We now have bountiful data resources to feed our hunger for learning. These data come in different forms, packages and delivery methods. We have utilized a variety in previous blogs:

  • A moderate-sized toy dataset from the Fast.ai library here,
  • A large-sized toy dataset from the Fast.ai library here,
  • Exporting an external dataset here,
  • Creating our own dataset through web scraping here.

Getting data from Kaggle was not a breezy download — upload approach as I initially thought it would be. I was able to find the right formula and decided to apply the dataset in deep learning.

For this mini-project, we will showcase:

A. How to use a Kaggle dataset in Colab, and

B. How to use Normalization, Resizing and Test Time Augmentation Computer Vision techniques described in Lesson 07 in the Fast.ai FastBook.

So, open Kaggle, and explore with me!

A. Use a Kaggle Dataset in Colab

  1. Choose a dataset in Kaggle.

a. If you don’t have an account yet, create one. It is free and is processed quickly.

b. Explore the datasets/ competitions that you are interested in. This blog involves computer vision/ images classification for birds.

c. Choose a dataset that has at least 20 images for every class. Otherwise, you might run into errors.

d. I have been able to use .jpg and .png formats for images. If you encounter the format .tfrec, look for a link to the original dataset.

e. Do this before setting-up. If you set-up and get distracted, your notebook run might get disconnected, and you will need to do a re-run.

Note: You can see a list of the Kaggle datasets in Colab, however, initial content check is best done in the Kaggle website.

2. Setting-up.

a. Notebook

You can run a notebook in Kaggle. However, for this run, we will do it in Colab. If you are new to Colab, please see Step1 a-b here.

If you chose a big dataset, I suggest to use GPU and High RAM Run time.

b. Installations and Imports

i. General set-up for the Fast.ai library.

In a Colab notebook, run the following:

!pip install -Uqq fastbook
import fastbook
fastbook.setup_book()
from fastbook import *
#!pip install fastai -U # unhash if this is your first use
import fastai
from fastai.vision.all import *

ii. Specific set-up for using a Kaggle dataset.
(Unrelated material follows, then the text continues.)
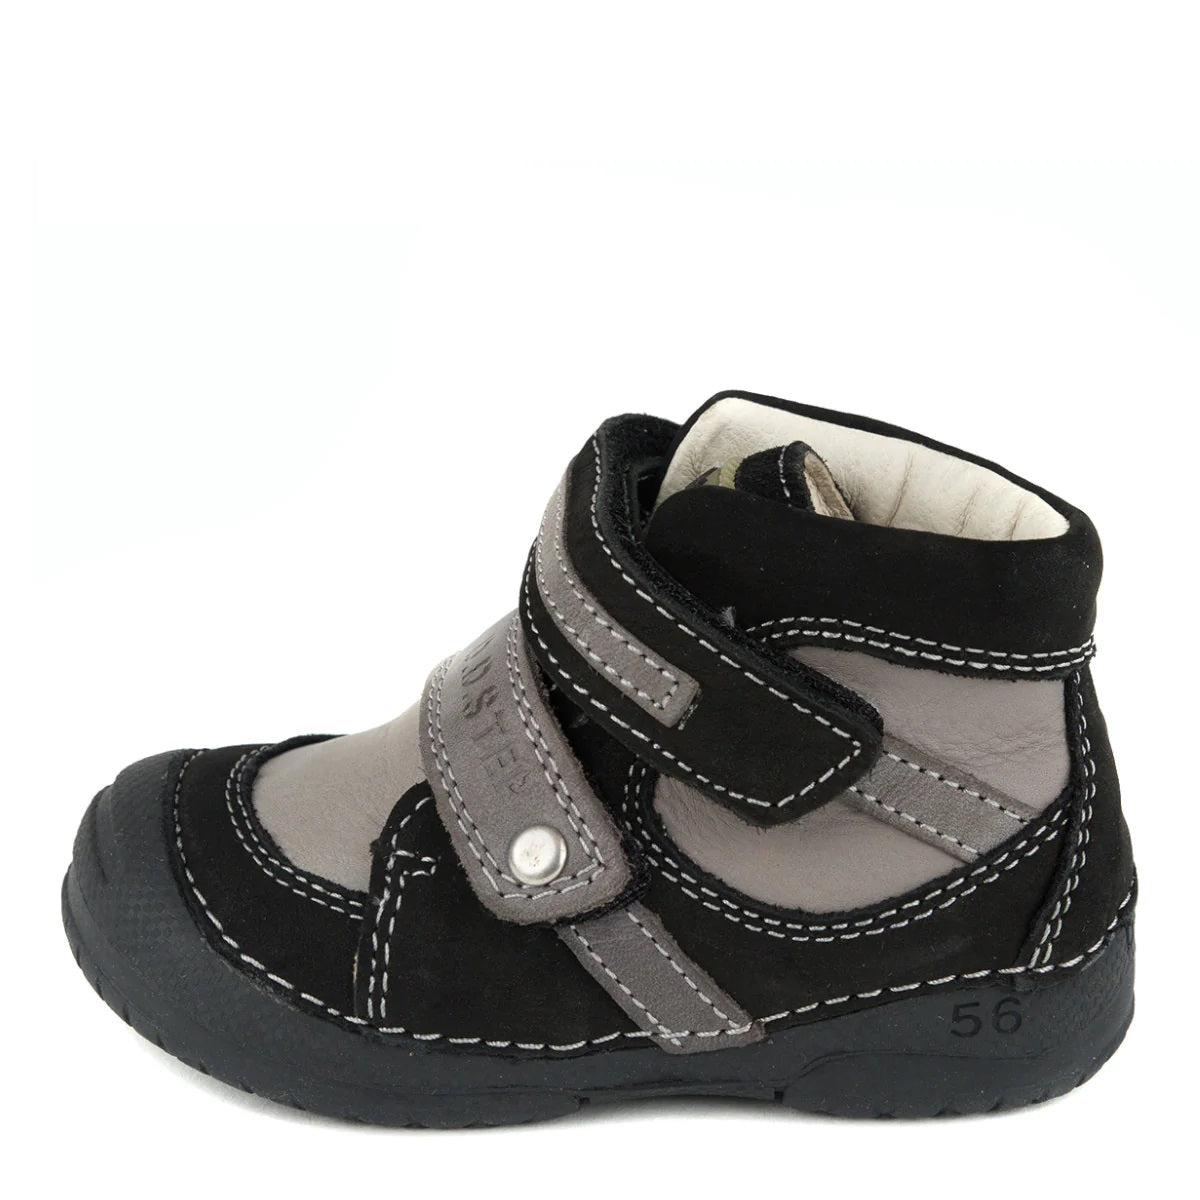 D.D. Step Toddler Boy Boots Grey And Black - Supportive Leather Shoes From Europe Kids Orthopedic - shoekid.ca

  • In the Kaggle page, open your ‘Account’.
  • Create a New API Token.
* This will give you a .json file.
  • In your Colab notebook, install kaggle and upload the API Token/ kaggle json file.
!pip install -q kaggle
from google.colab import files
files.upload()
  • Create the kaggle directory and enable access.
!mkdir ~/.kaggle
!cp kaggle.json ~/.kaggle/
!chmod 600 ~/.kaggle/kaggle.json

3. Gathering your data.

a. Code format for downloading.

  • !kaggle
  • datasets or competition (ie in Kaggle, is your set from the datasets or competition section?)
  • download
  • path

For the path, use the section of the url after the kaggle.com. For example:

The Kaggle dataset used here can be found in the datasets collection and the url is: https://www.kaggle.com/gpiosenka/100-bird-species.

!kaggle datasets download 'gpiosenka/100-bird-species/train'

I specified the train, but it downloaded both the train and validation sets anyway.

b. Getting the individual files from the downloaded zip and removing the zip once done.

!unzip \*zip && rm *.zip

c. Specify the path.

train_path = 'birds_rev2/train'

That’s it! There is no need to create a dataframe or do any other preprocessing.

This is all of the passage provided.